Citation: Journal of Hydrometeorology 15, 4; 10.1175/JHM-D-13-0173.1

Assessing location-specific parameters for each gauge is difficult, so some generalizations have been made, which in some cases can limit the accuracy of the model. Different soil properties from site to site cause some of the parameters, including the maximum surface evapotranspiration rate and the precipitation threshold to vary. This could also contribute to uncertainties in model results in Figs. 3 and 4. Note that some of the differences between estimated and observed soil moisture values in Figs. 3 and 4 are probably caused by measurement uncertainties. For instance, for the poor case in Fig. 3, the measured soil moisture does not respond to some of the small precipitation events. The measurements also show the unlikely soil moisture values of 0 m3 m−3. As mentioned earlier, such measurements (with zero soil moisture) are not used in the calibration of the model.

c. Data analysis

To assess the spatial distribution of soil moisture, we interpolate estimated soil moisture over all gauge sites to fine grid cells of 100 m × 100 m over WGEW based on the two-dimensional second-order inverse distance weighting scheme of Garcia et al. (2008). This simple interpolation method has been used operationally for a long time over WGEW. Its validity is determined here using soil moisture estimated over all gauge sites. For each year, one gauge is “removed” at a time and the daily soil moisture data at all other gauges are interpolated to that location. The interpolated values are then compared with the original values at this location.
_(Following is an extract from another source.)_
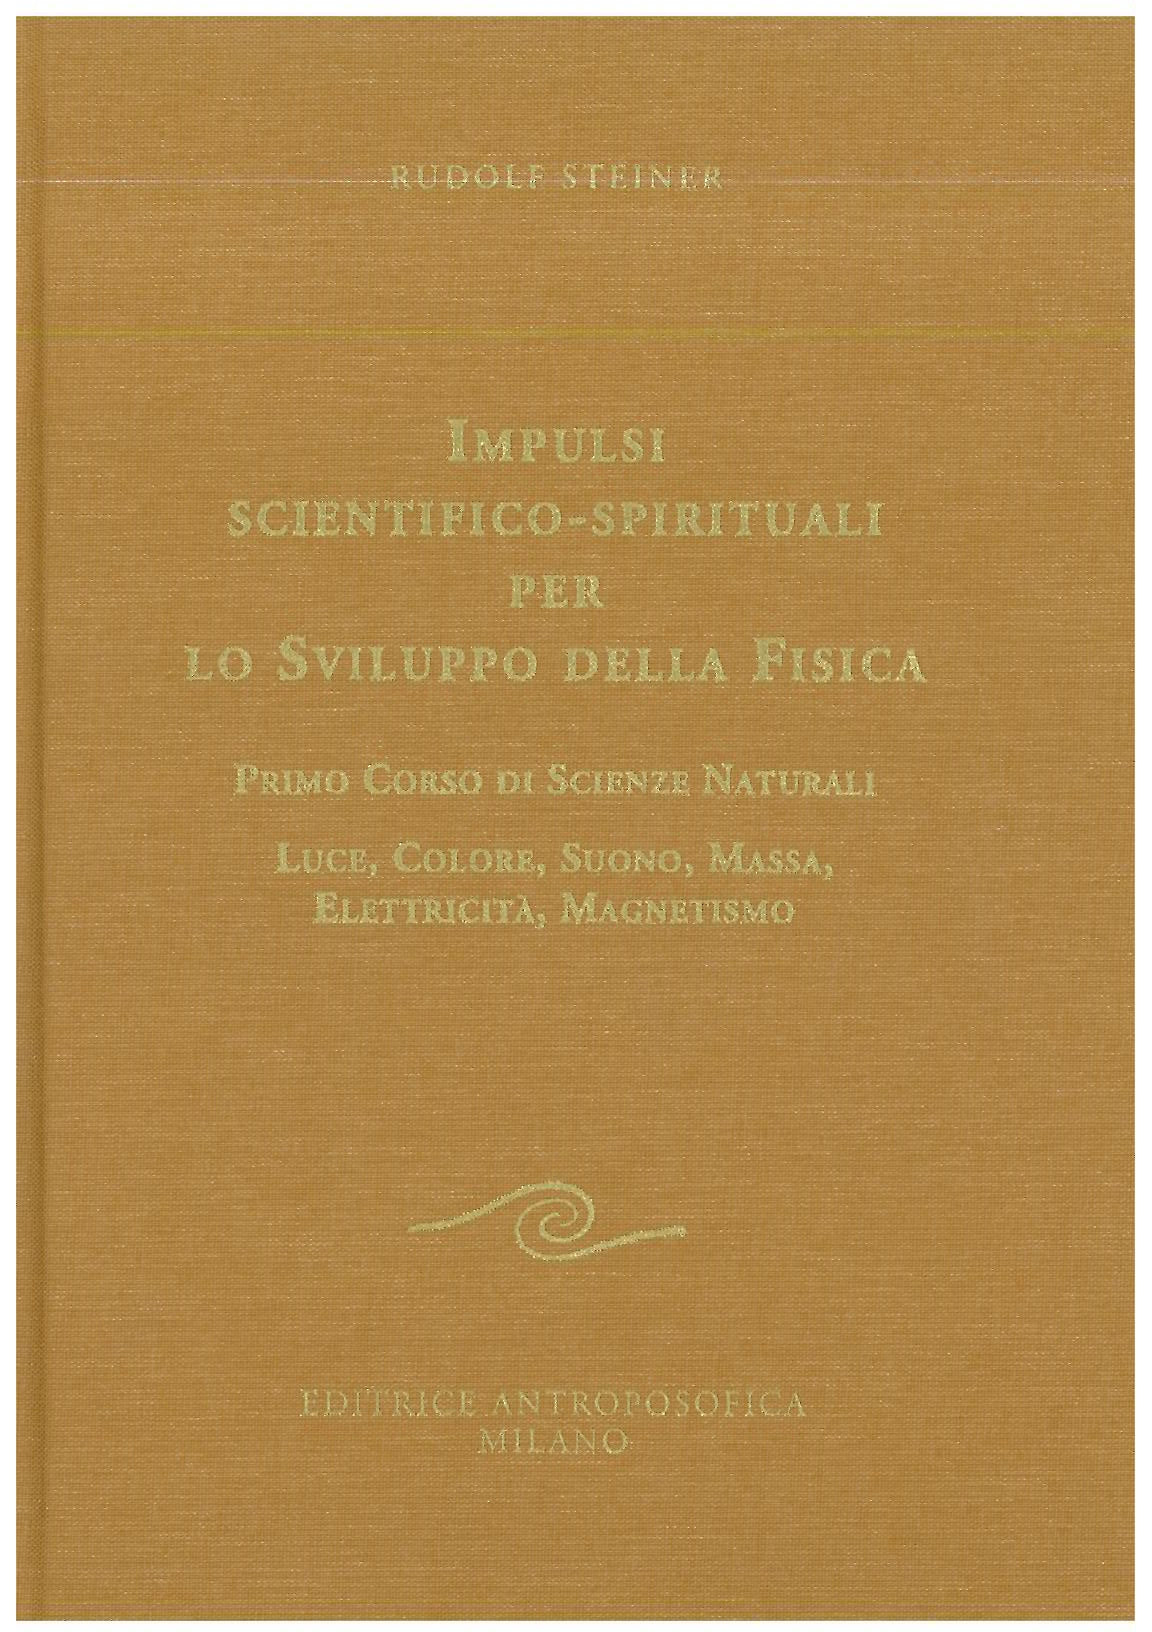 Impulsi scientifico-spirituali per il progresso della fisica vol. 1- Rudolf Steiner

The average correlation is 0.95 and RMSD is 0.015 m3 m−3, demonstrating that, indeed, this method works well for soil moisture interpolation over WGEW.

The best interpolation grid depends on the purpose of the study. For comparison with other datasets (e.g., from satellites and aircraft), it is appropriate to choose a comparable grid size. If one wants to ignore microscale features, too fine of a grid size is not appropriate. In this study, the grid size is chosen so that the final product has a set of statistics that mimics the gauge statistics. In this way, we can visualize the distribution of soil moisture while keeping the results to the truest available values: the soil moisture estimated at each rain gauge. Using a larger grid causes a loss of spatial variability and the choice of a 100-m grid allows us to approximately maintain the spatial variability observed using gauges.

To illustrate the difference between the 100-m grid and coarser grid resolutions, we computed the spatial range (highest minus lowest soil moisture at any grid box on a given day) of daily mean soil moisture for each day using all gauges, 100-m grids, and 1000-m grids from 1956 to 2011. Then, we compute the histogram of the differences of results using 100-m grids versus using all gauges. The 50th (i.e., median), 75th, and 90th percentiles are found to be 0.020, 0.033, and 0.048 m3 m−3, respectively. These values become larger (0.033, 0.064, and 0.095 m3 m−3) for the differences between 1000-m grids and all gauges. It is also noted that the difference between the soil moisture at each of the gauges and the grid box encompassing it decreases with the smaller grid, and using the 100-m grid has an RMSD less than 0.01 m3 m−3. On average, the spatial standard deviation and coefficient of variation (CV; defined as the standard deviation normalized by the mean) of the daily 100- and 1000-m interpolated soil moisture are nearly the same; however, the spatial range is much larger (0.066 m3 m−3) for the 100-m grid than for the 1000-m grid (0.034 m3 m−3). Note that the model does not account for the urbanized area of Tombstone that would be resolved under a 100-m grid, but the urbanized area is too small (~2 km2) to affect most comparable products over WGEW of ~150 km2.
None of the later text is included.